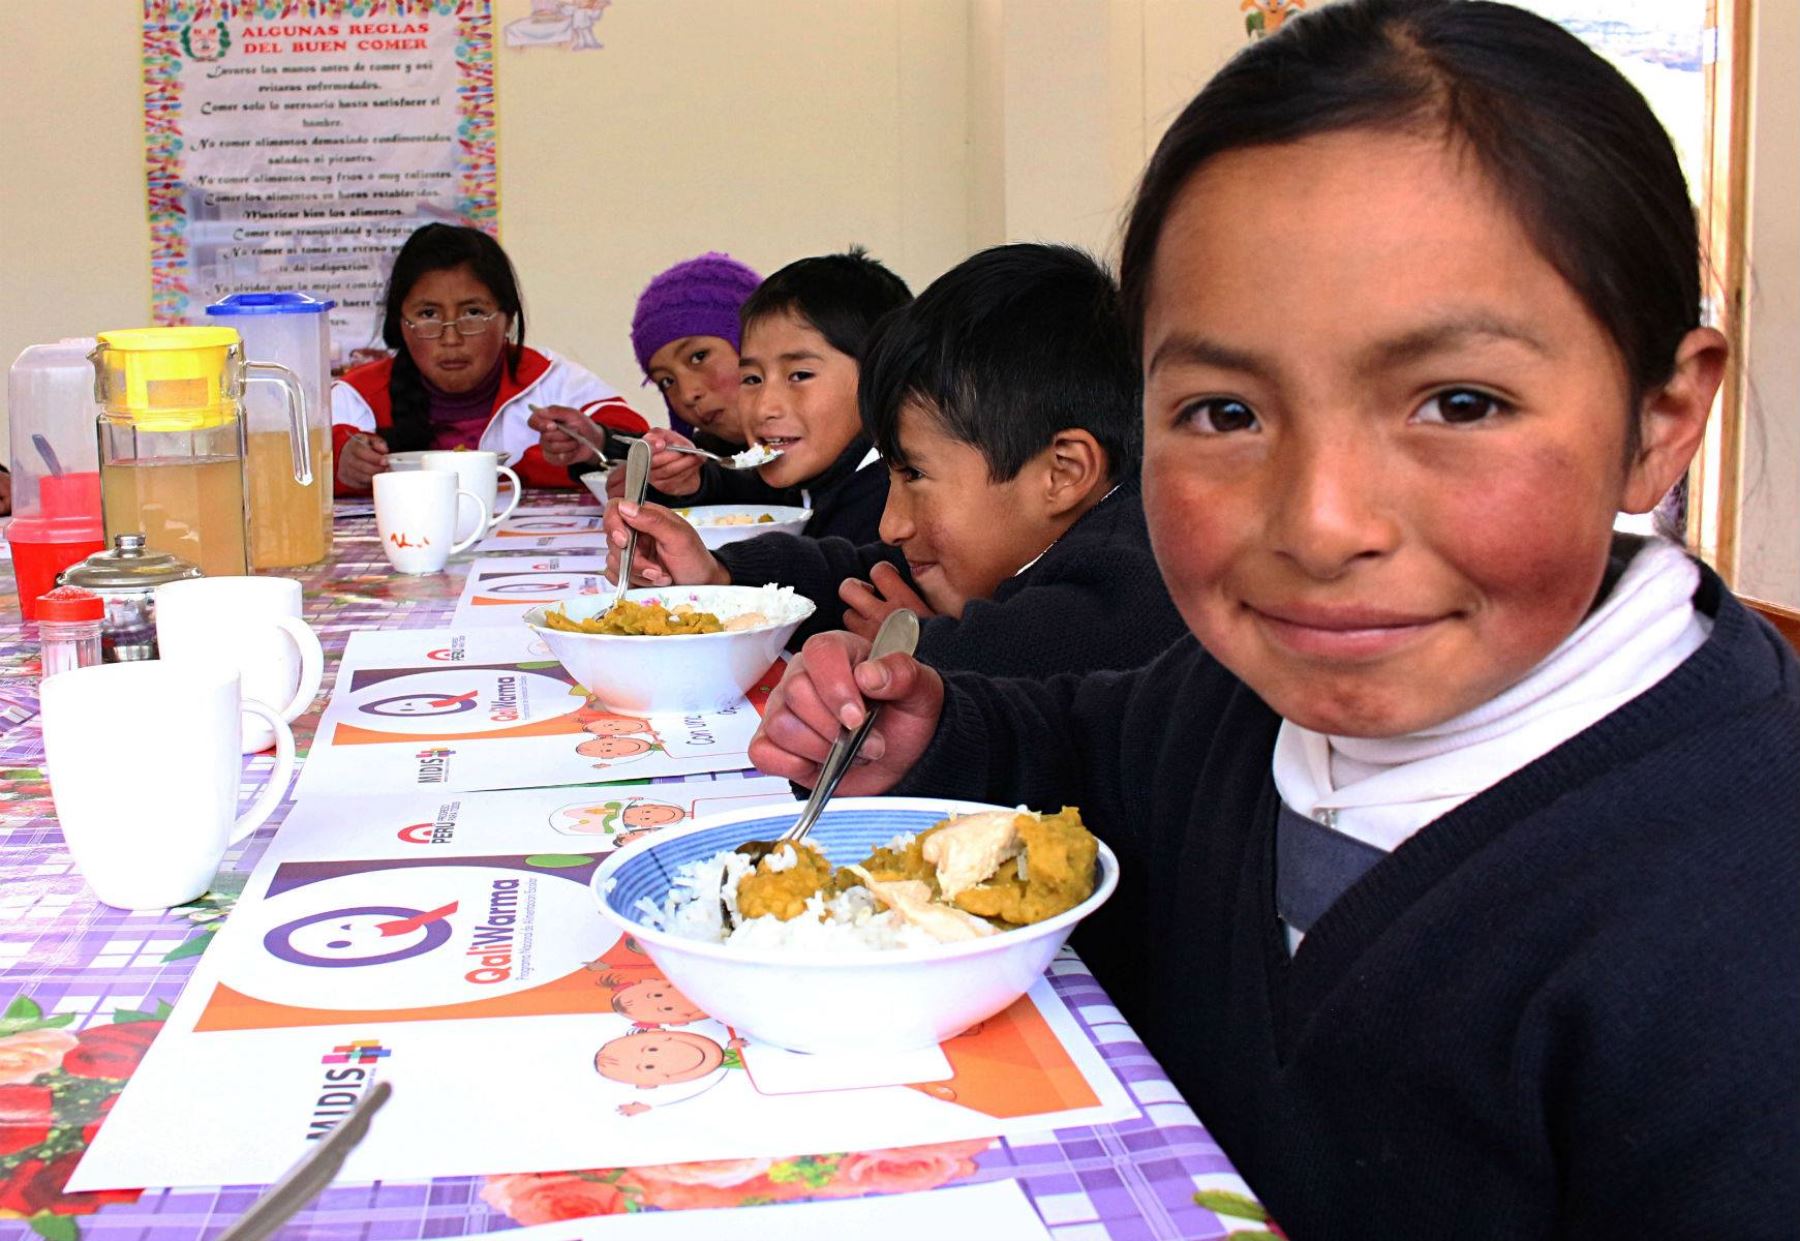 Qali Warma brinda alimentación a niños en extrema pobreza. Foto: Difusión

--

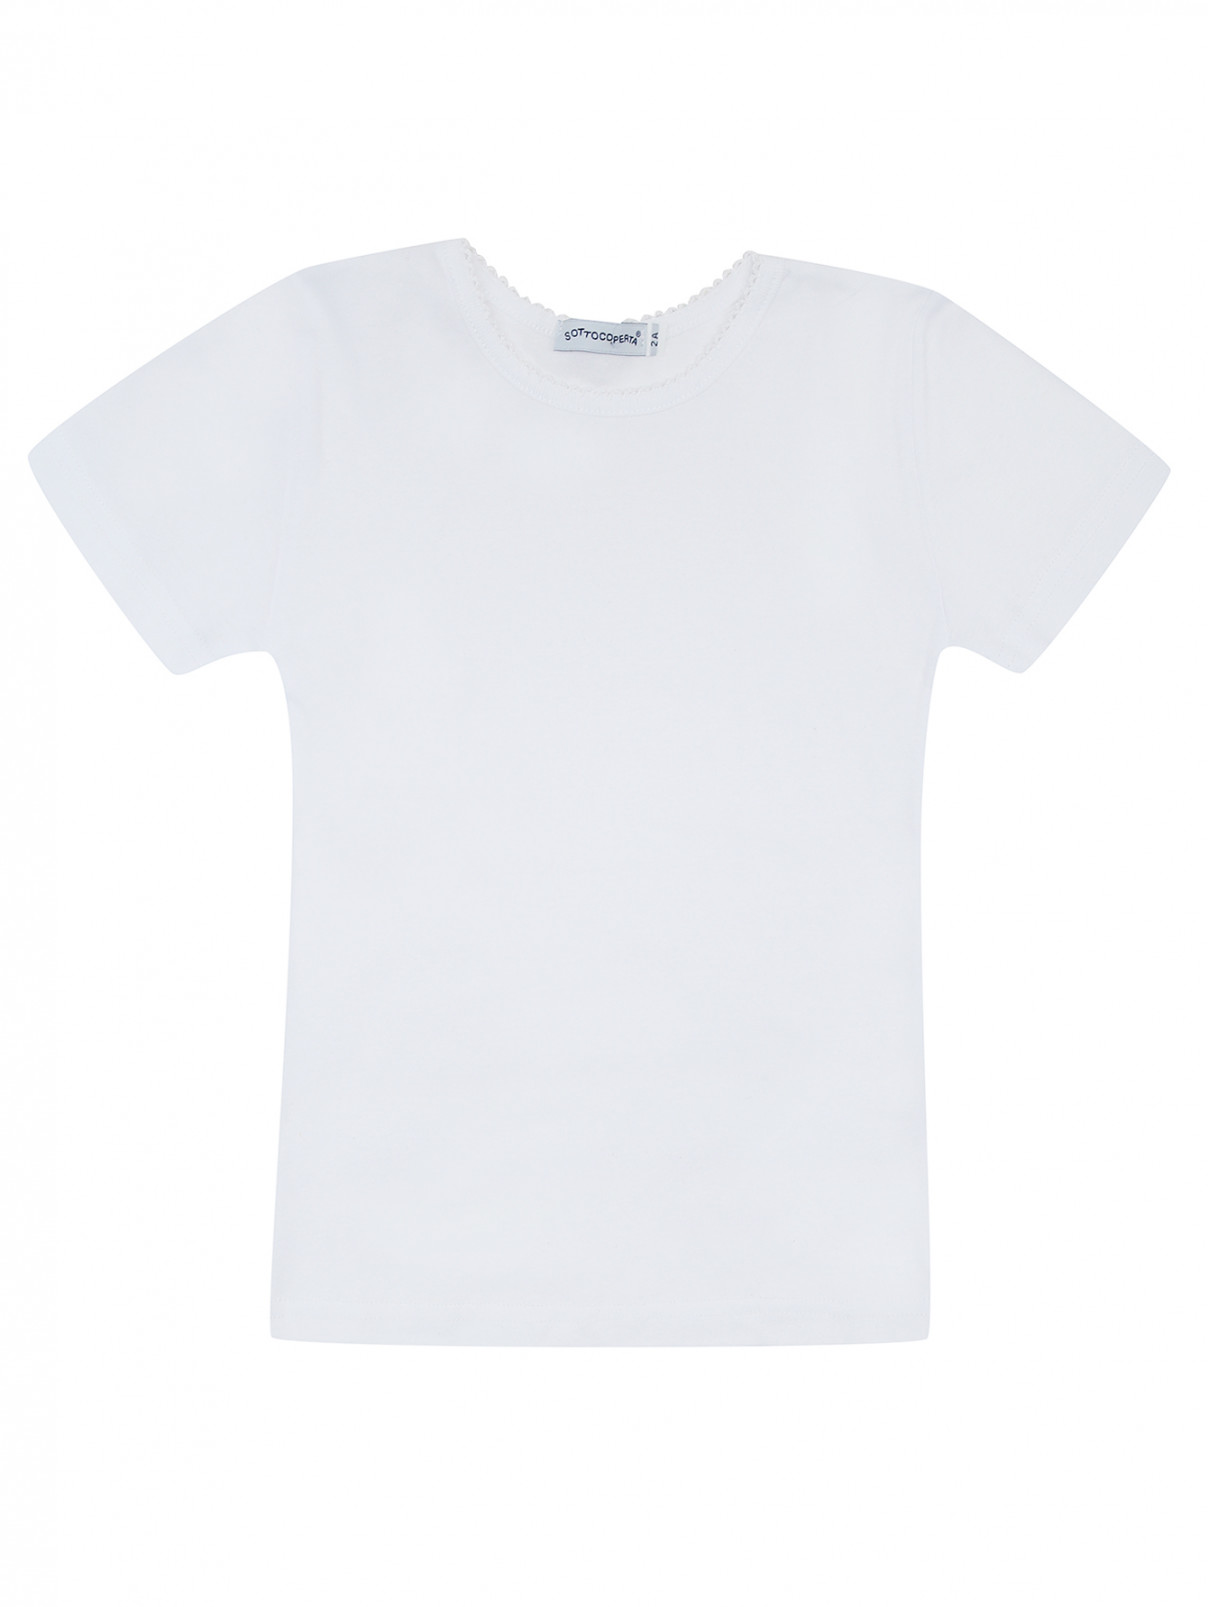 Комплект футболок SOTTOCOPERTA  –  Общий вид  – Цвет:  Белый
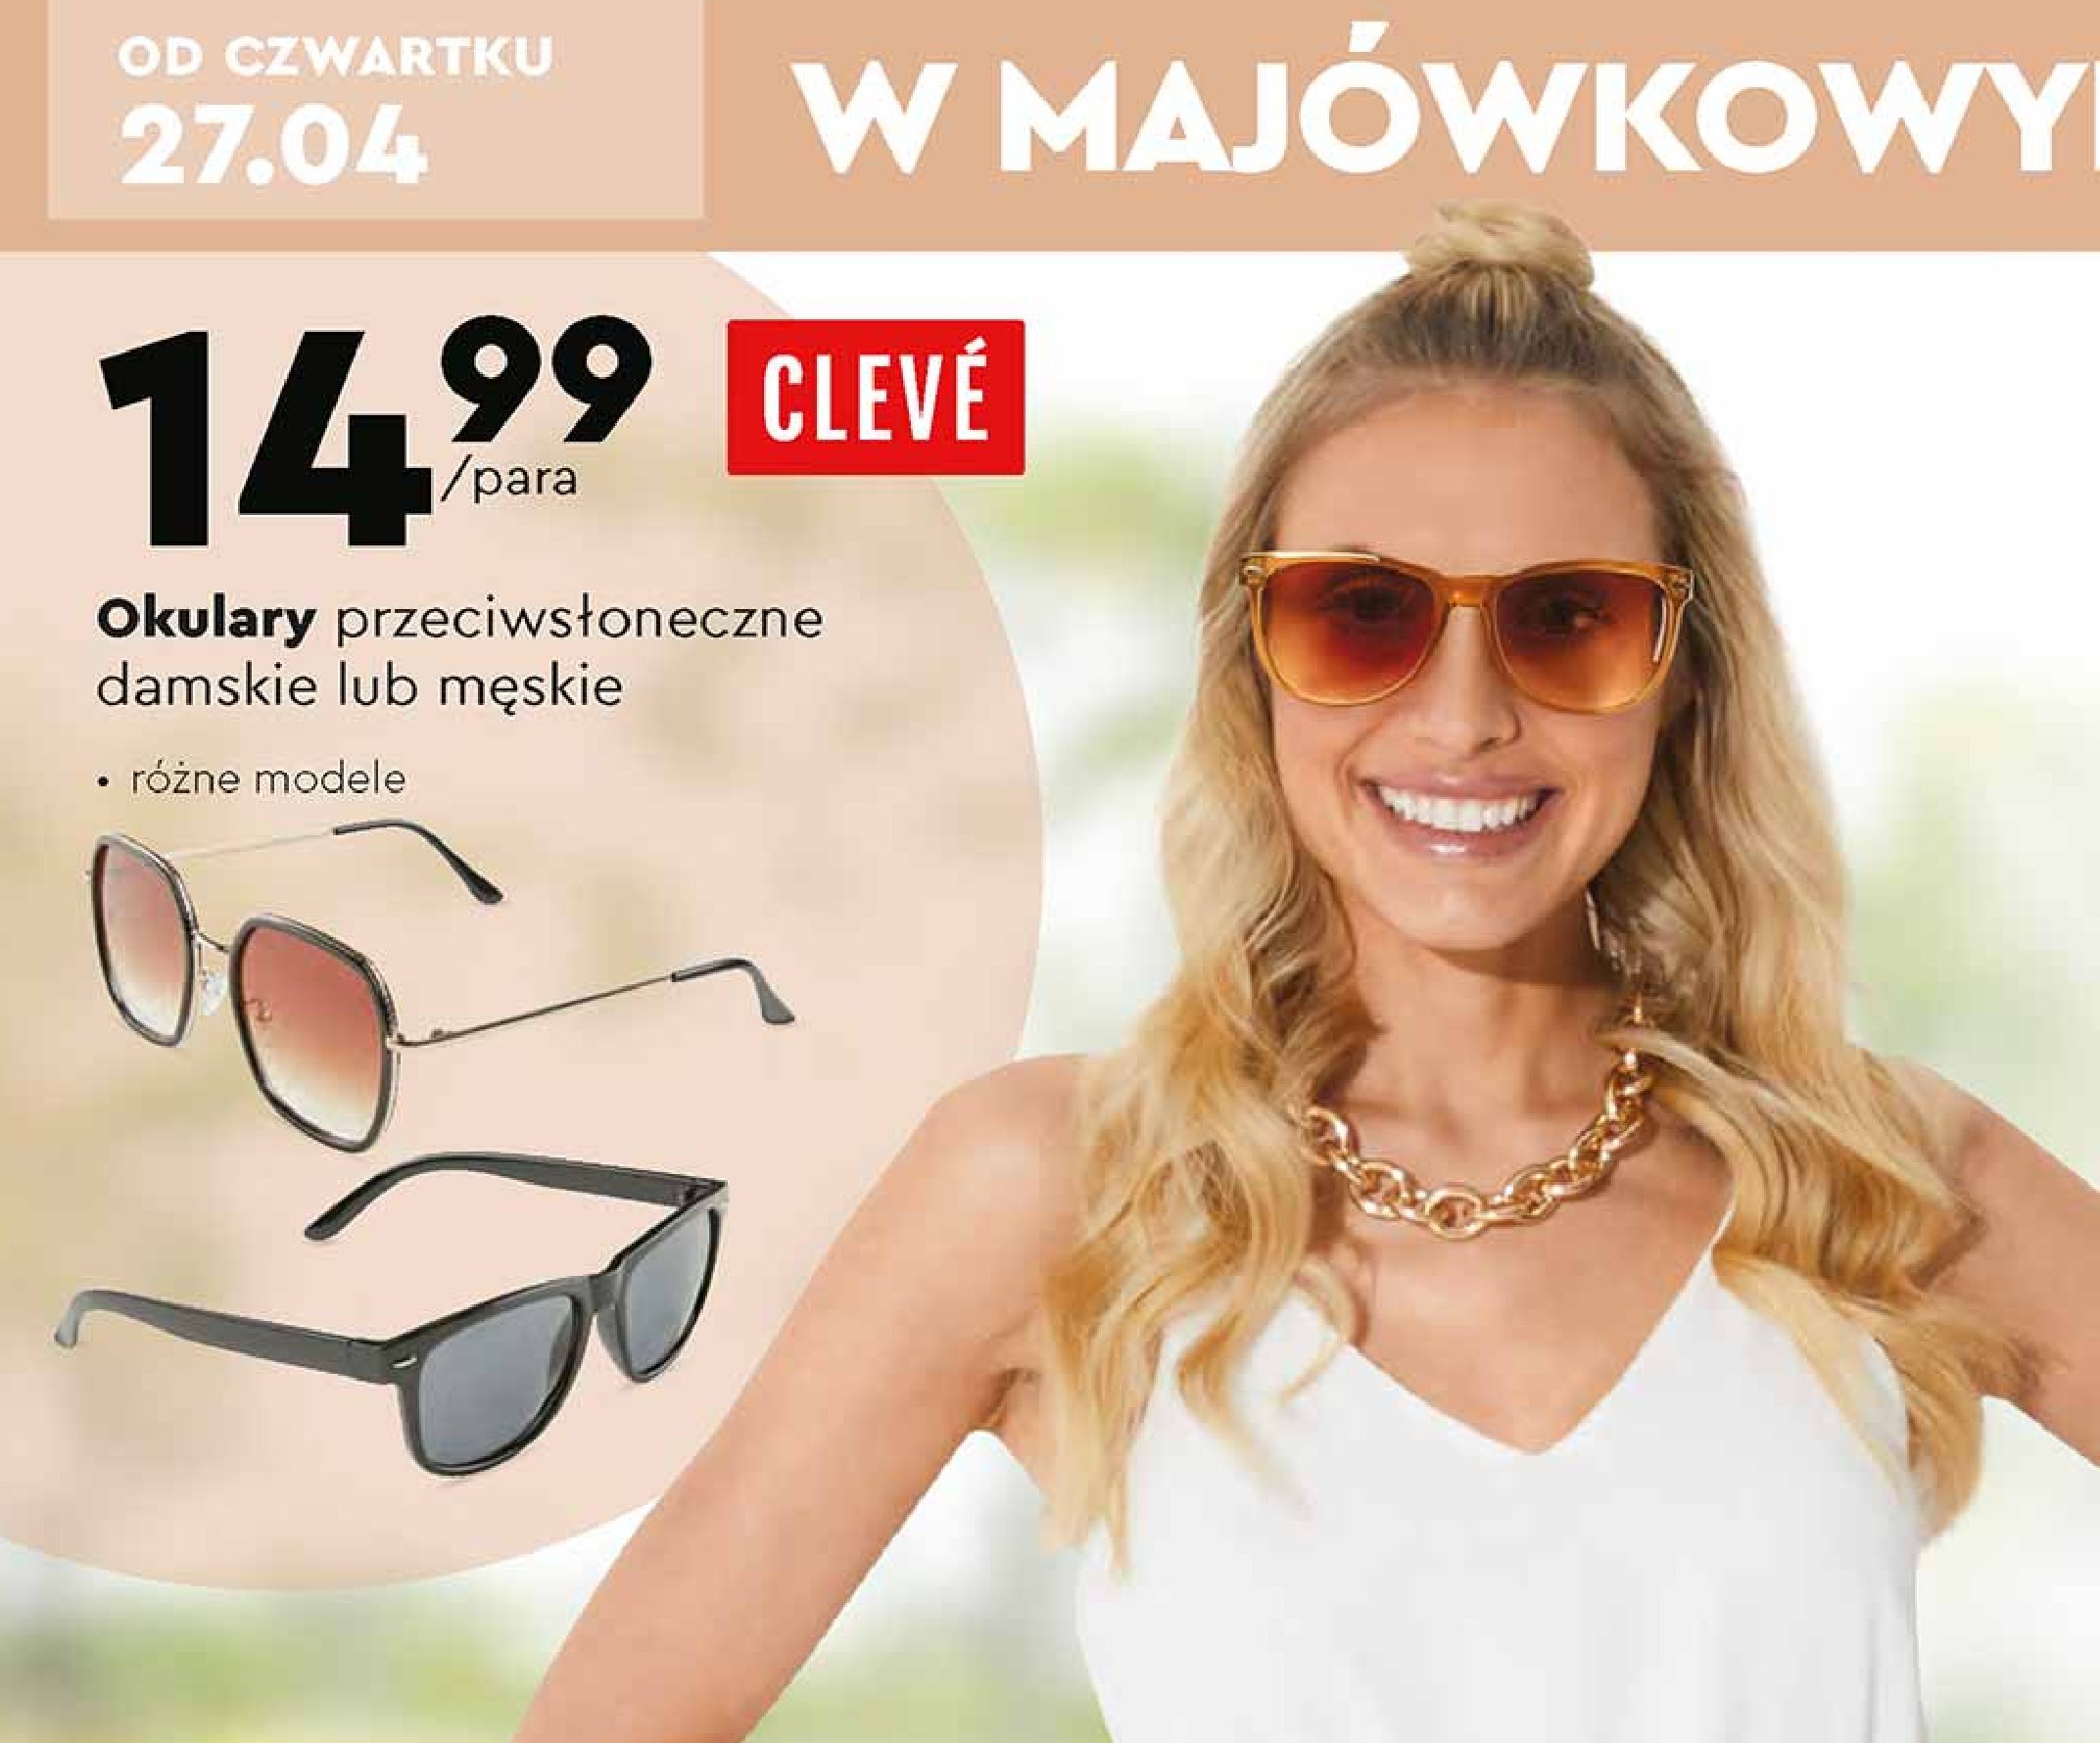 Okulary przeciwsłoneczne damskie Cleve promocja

#### To do
Would you please reproduce the entries above, starting at the line with "Комплект футболок SOTTOCOPERTA" and stopping after the line with "Okulary przeciwsłoneczne damskie"? Omit any pictures.

#### Written answer
 Комплект футболок SOTTOCOPERTA  –  Общий вид  – Цвет:  Белый
 Okulary przeciwsłoneczne damskie Cleve promocja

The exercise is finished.